◆ **YOUR TASK**:
Pictures aside, print all of the data below exactly as written.

◆ **DATA**:
_ _ _ _ _
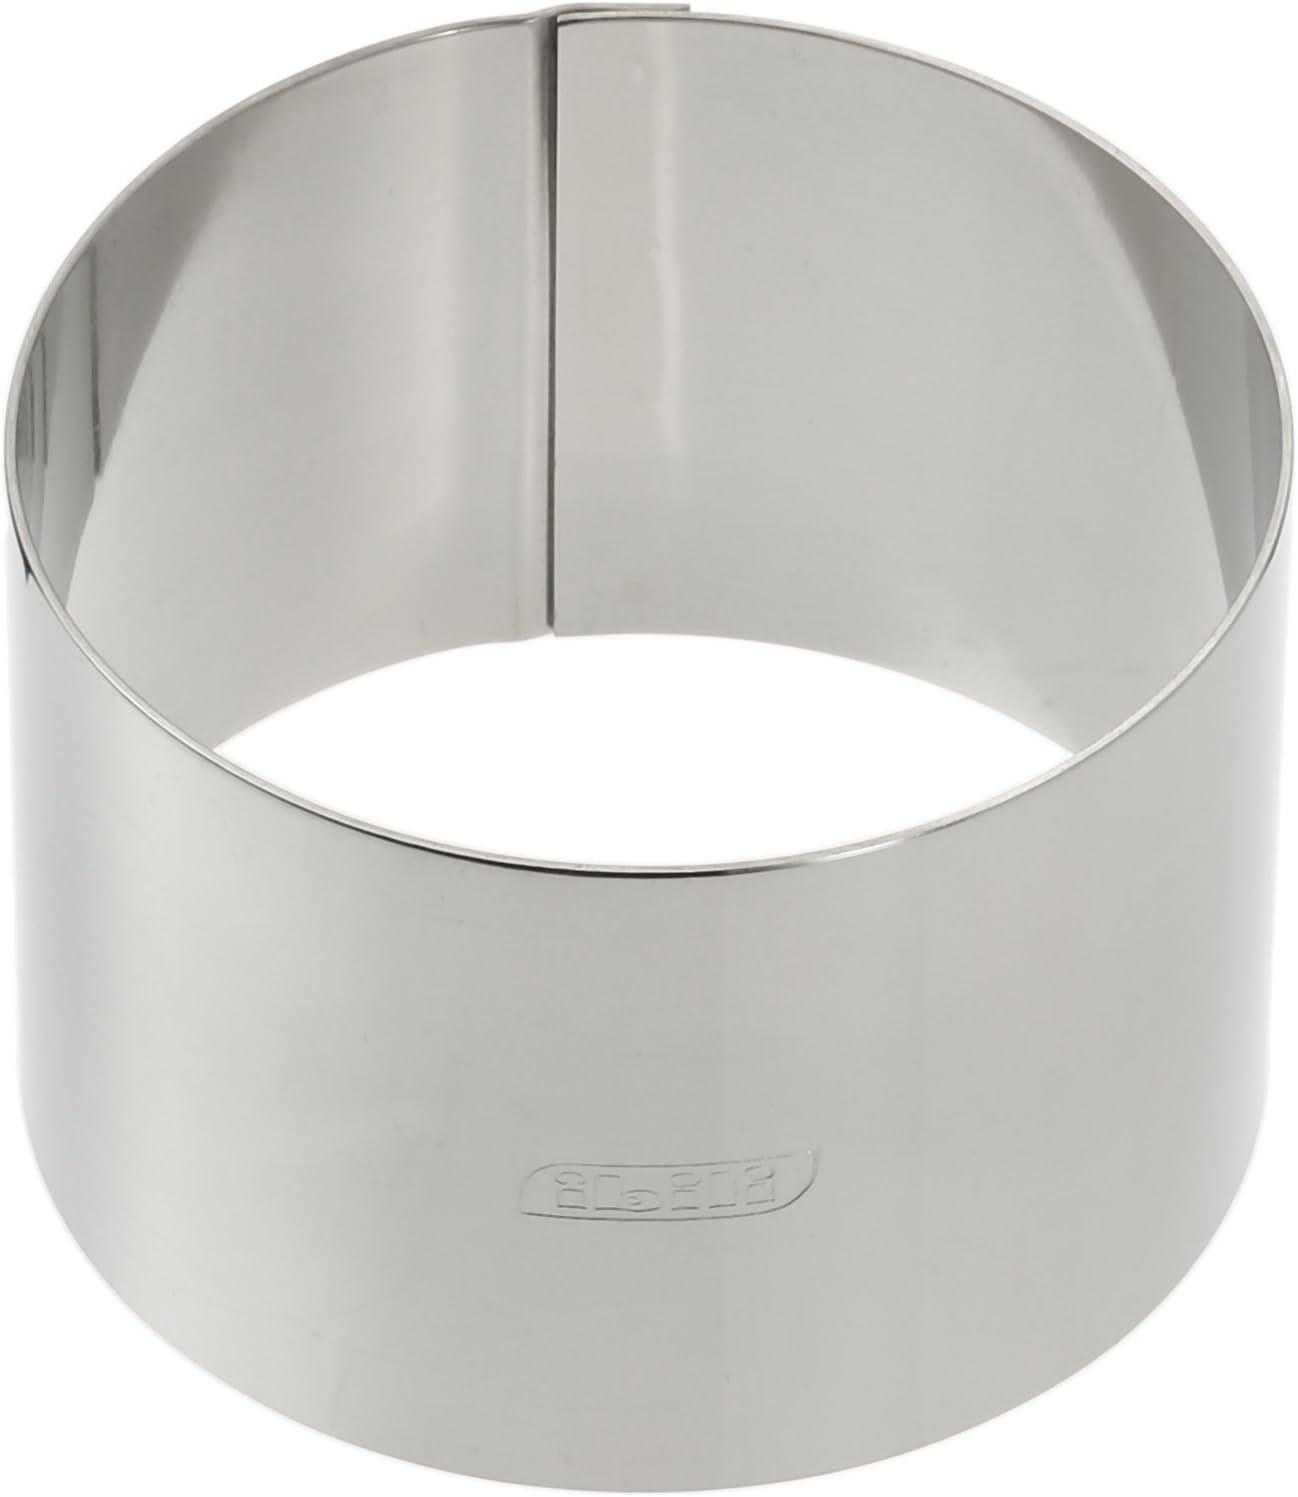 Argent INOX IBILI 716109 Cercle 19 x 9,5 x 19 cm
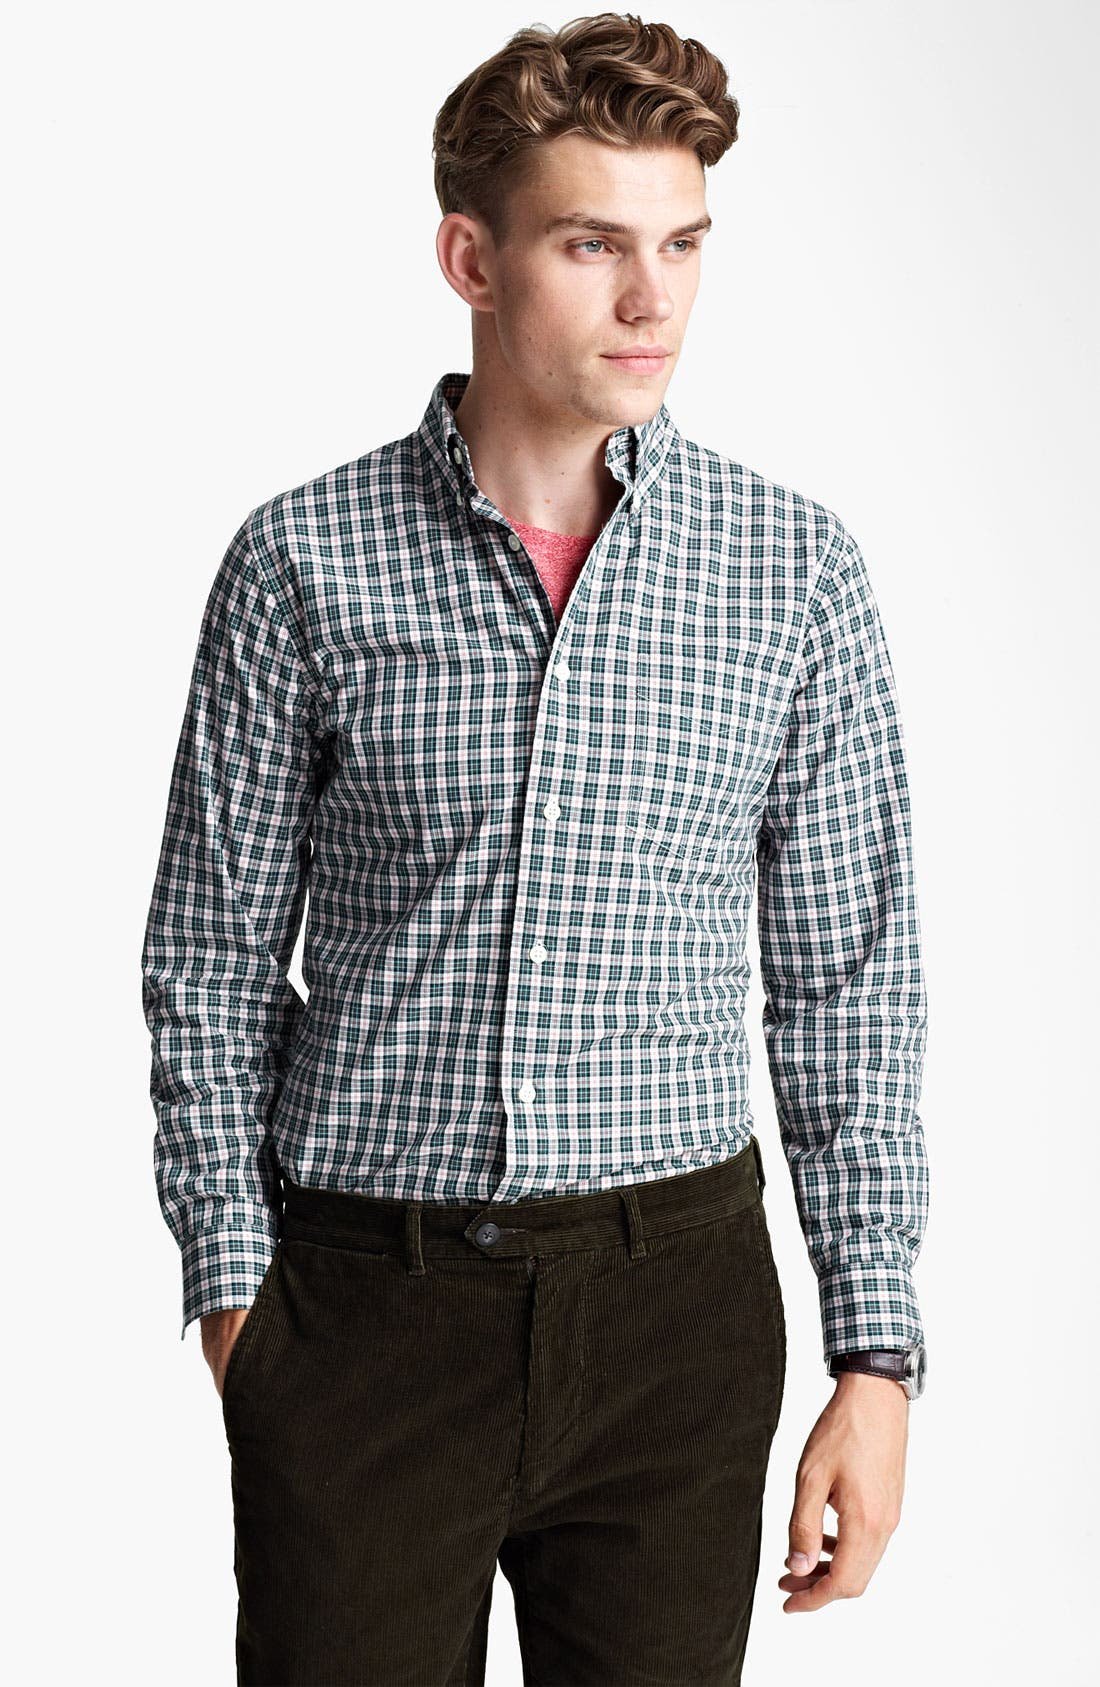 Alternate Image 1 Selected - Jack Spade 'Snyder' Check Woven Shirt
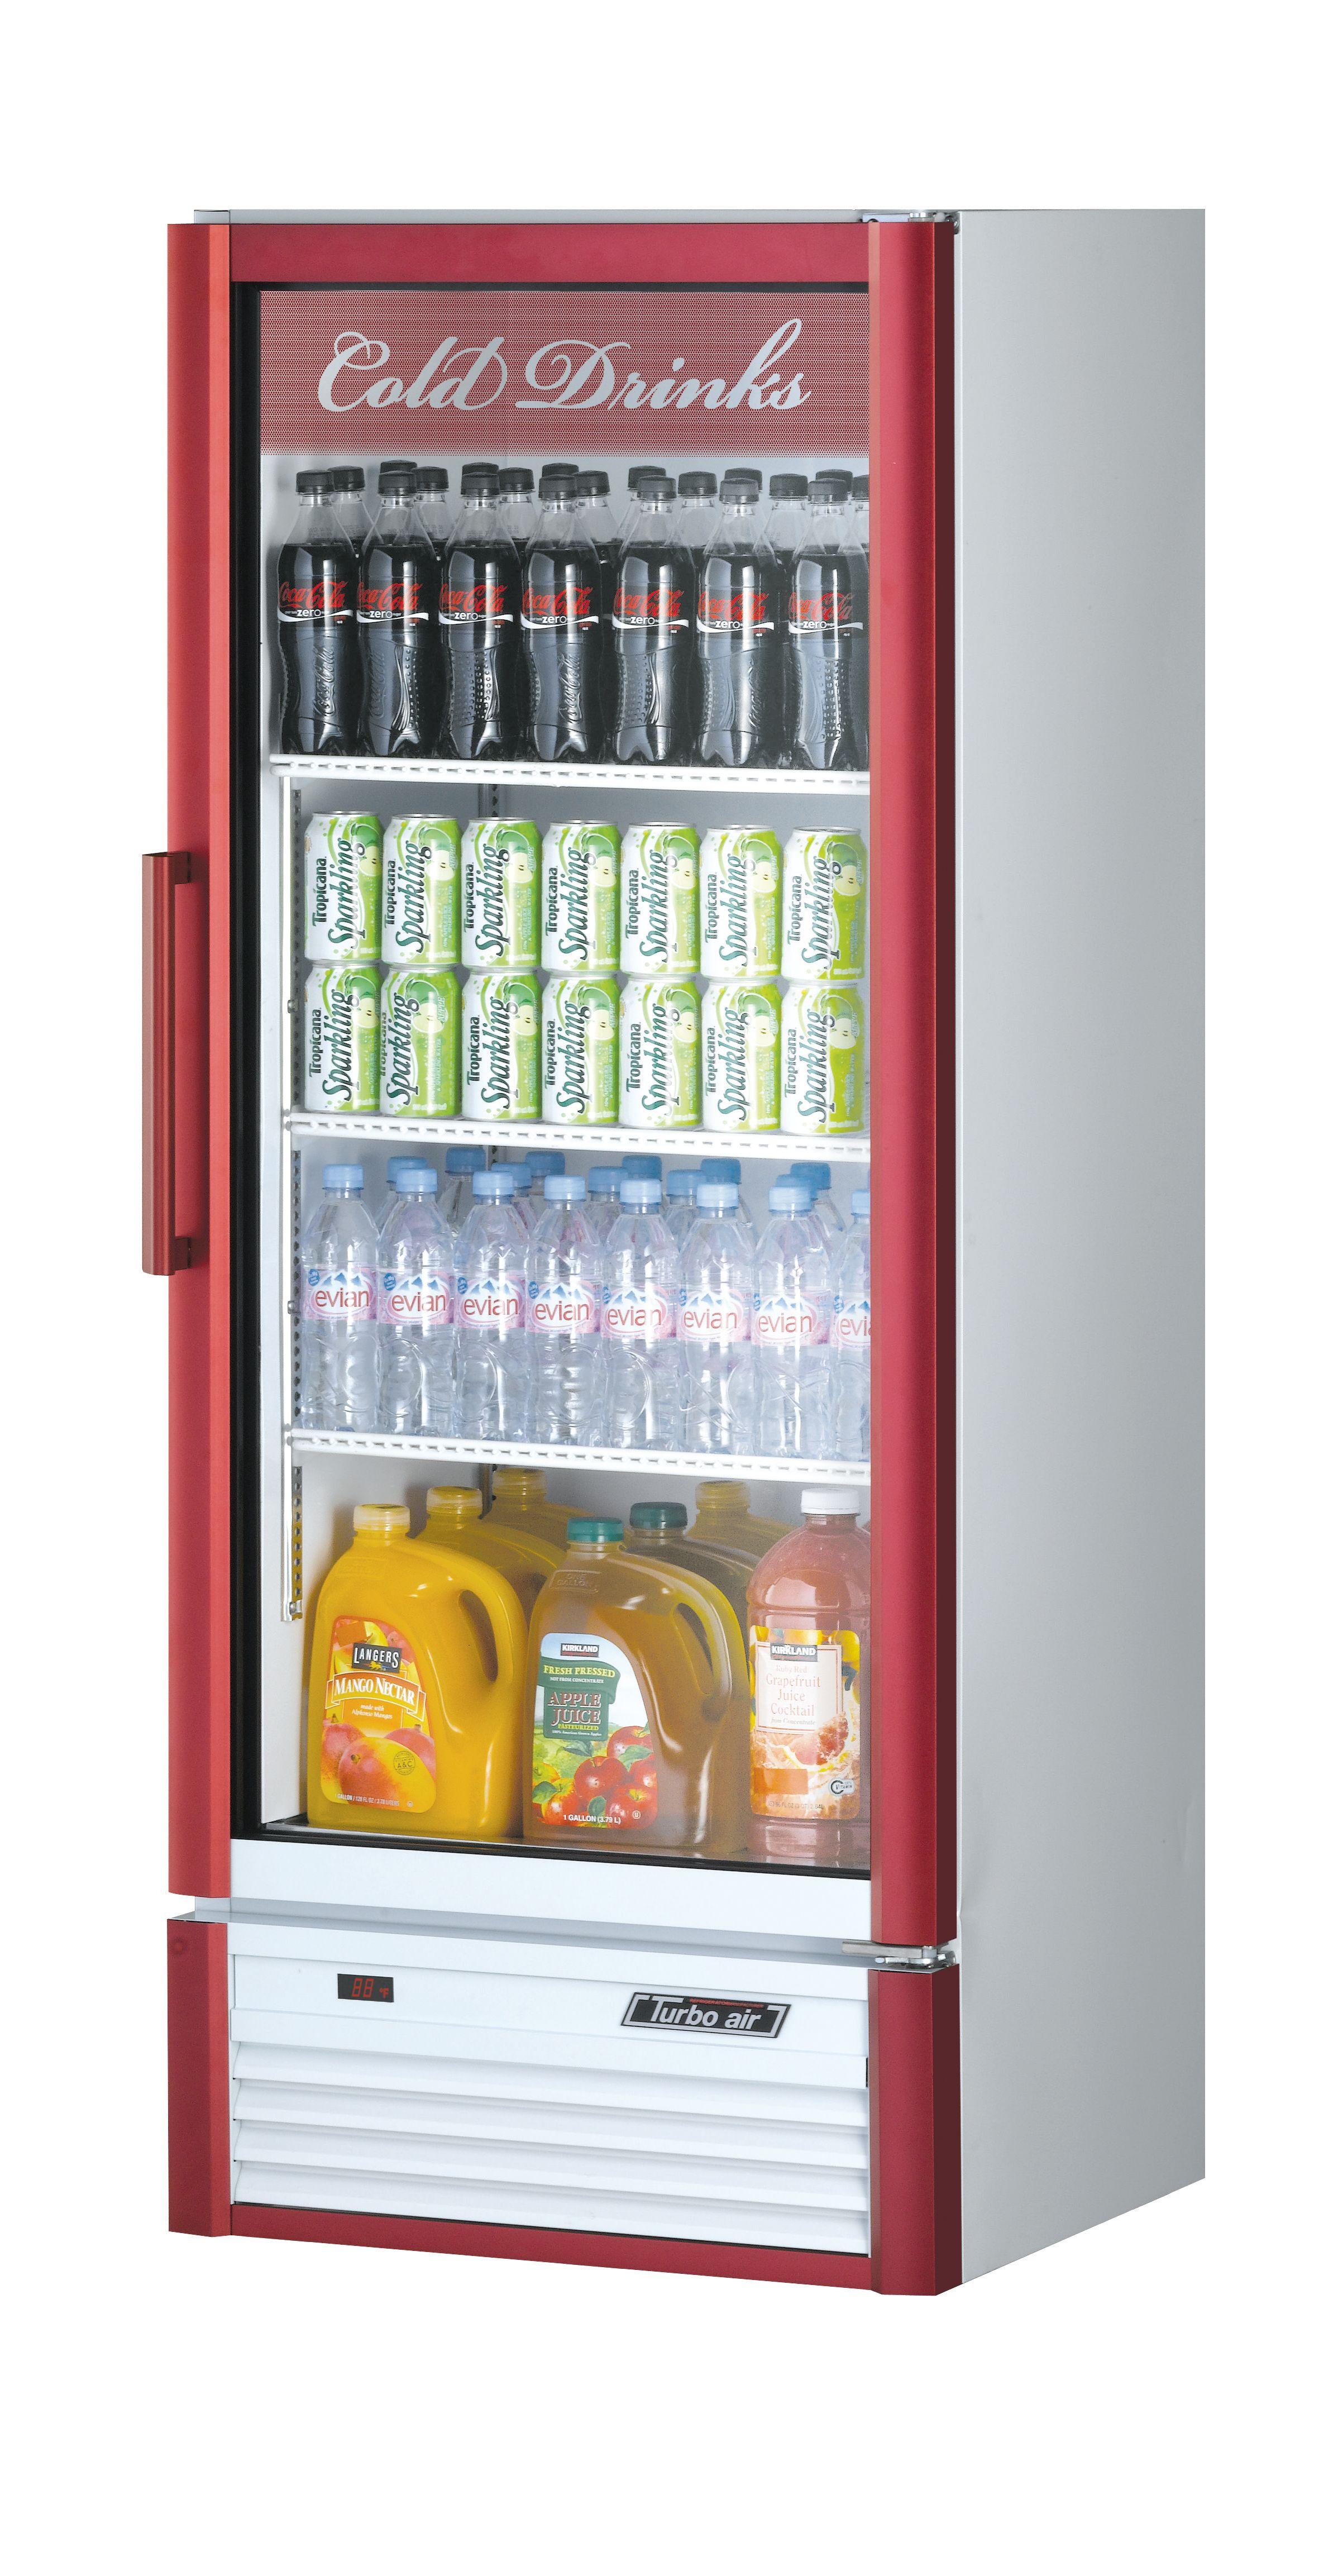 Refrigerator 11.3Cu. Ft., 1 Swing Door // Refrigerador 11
_ _ _ _ _
◆ **RESPONSE TO THE TASK**:
 Argent INOX IBILI 716109 Cercle 19 x 9,5 x 19 cm
 Alternate Image 1 Selected - Jack Spade 'Snyder' Check Woven Shirt
 Refrigerator 11.3Cu. Ft., 1 Swing Door // Refrigerador 11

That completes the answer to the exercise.